I wonder if for whatever reason (kernel design?) Linux is getting hit harder performance wise. Or it could be just the workloads in question? What's worse is the current kernel enables KPTI to address Meltdown, but patching Spectre on Linux is still coming. So possibly more performance hits looming?
nerdrage wrote:The latest news from Saturday is we now need an emergency out-of-band Windows update to roll back the kernel mitigation for Spectre variant 2 because it may cause data loss and/or corruption in addition to the known rebooting issue. On top of that, Intel says to stop patching microcode/firmware updates until further notice. Dell and HP have pulled their firmware updates.
Glorious wrote:nerdrage wrote:The latest news from Saturday is we now need an emergency out-of-band Windows update to roll back the kernel mitigation for Spectre variant 2 because it may cause data loss and/or corruption in addition to the known rebooting issue. On top of that, Intel says to stop patching microcode/firmware updates until further notice. Dell and HP have pulled their firmware updates.
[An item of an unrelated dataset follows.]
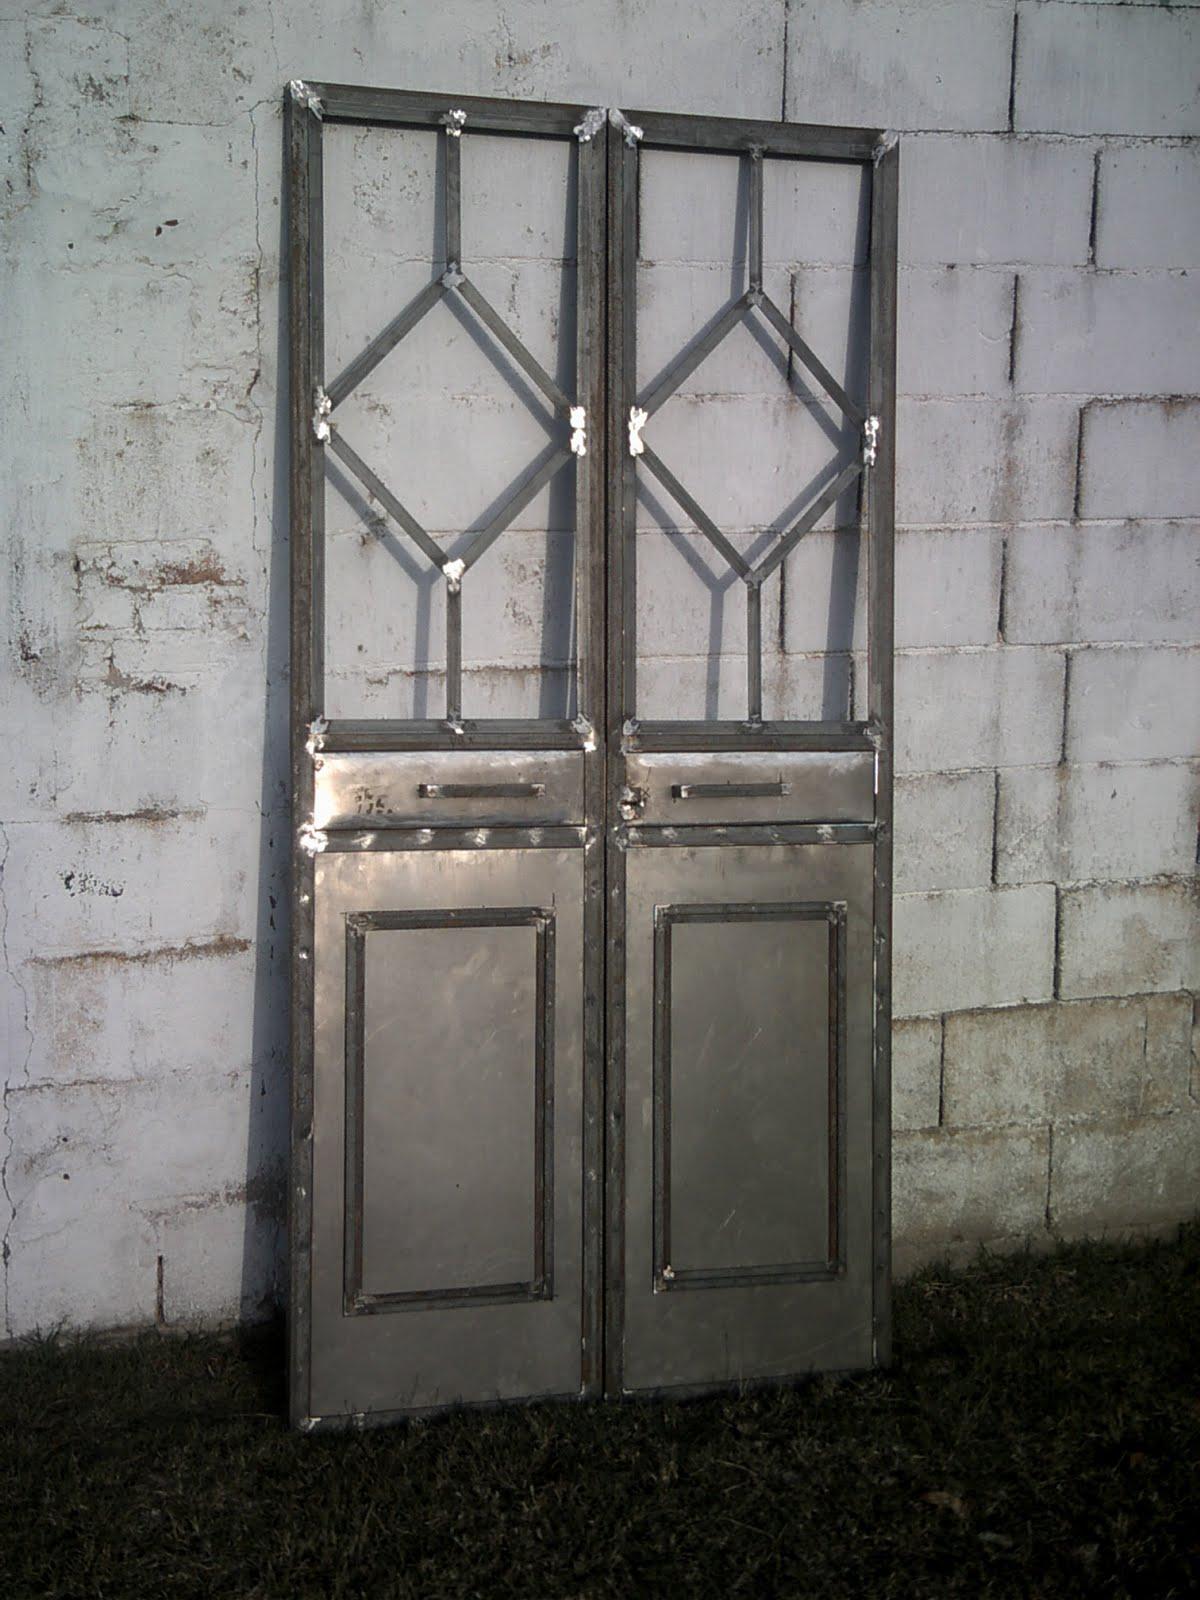 Puertas forjadas herreria artistica fotos ajilbab portal for Puertas de herreria artistica

These would appear to be all the same thing. That microsoft update is cagey, but I can't see how what they are talking about isn't a reversion of the microcode they must have slipped into a previous update.
I don't know why they aren't straightforward about that, but I can't figure what the heck else they are saying.
Ubuntu did the exact same thing about a week ago.
Bauxite wrote:Javascript should be default deny surfing the web, if the computer you're using has anything of real value on it. Only whitelist domains you need to accomplish a purpose. Decide how much you really give a damn about websites that still don't work when you enable their root and cdn domains. The browsers try hard, but keep in mind for many of their vulnerability updates, they learned about and patched that particular issue only because someone else already got owned by it.
Bauxite wrote:Honestly though the best policy is you have computer(s) just for surfing and it can't connect in any meaningful way (shares, casual file transfer, etc) to computers you care about. Its hard because you have to change your habits. You are the biggest security threat.
just brew it! wrote:Disabling JavaScript may have been a viable option 15 years ago. Doing so today renders most of the web useless, or at best very inconvenient to use.
Yes, these vulnerabilities are a big deal for service providers, because they can result in leakage of data between customers who are running on shared infrastructure. For the typical end user, nothing has really changed. Keep your OS and browser current on security patches, and try to avoid the dark alleys of the internet.
just brew it! wrote:The biggest risk by far is outdated/unpatched web browsers. Your web browser implicitly runs untrusted code all the time (in the form of JavaScript on web pages). This opens the possibility of malicious code on a web page using the Spectre vulnerability to leak information from outside the JavaScript sandbox (i.e. anything in your web browser's memory) to the attacker. As an end user, the first (and most important) line of defense is to make sure you keep your web browser updated; Microsoft, Google, and Mozilla are already putting mitigations in place. The JavaScript compilers in the web browsers are being updated with the appropriate patches, and the sandboxing of data associated with different web sites is being strengthened.
Intel is announcing that they have developed hardware fixes for both the Meltdown and Spectre v2 vulnerabilities, which in turn will be implemented into future processors. Both the next version of Intel’s Xeon server/HEDT platform – Cascade Lake – as well as new 8th gen Core processors set to ship in the second half of this year will include the mitigations.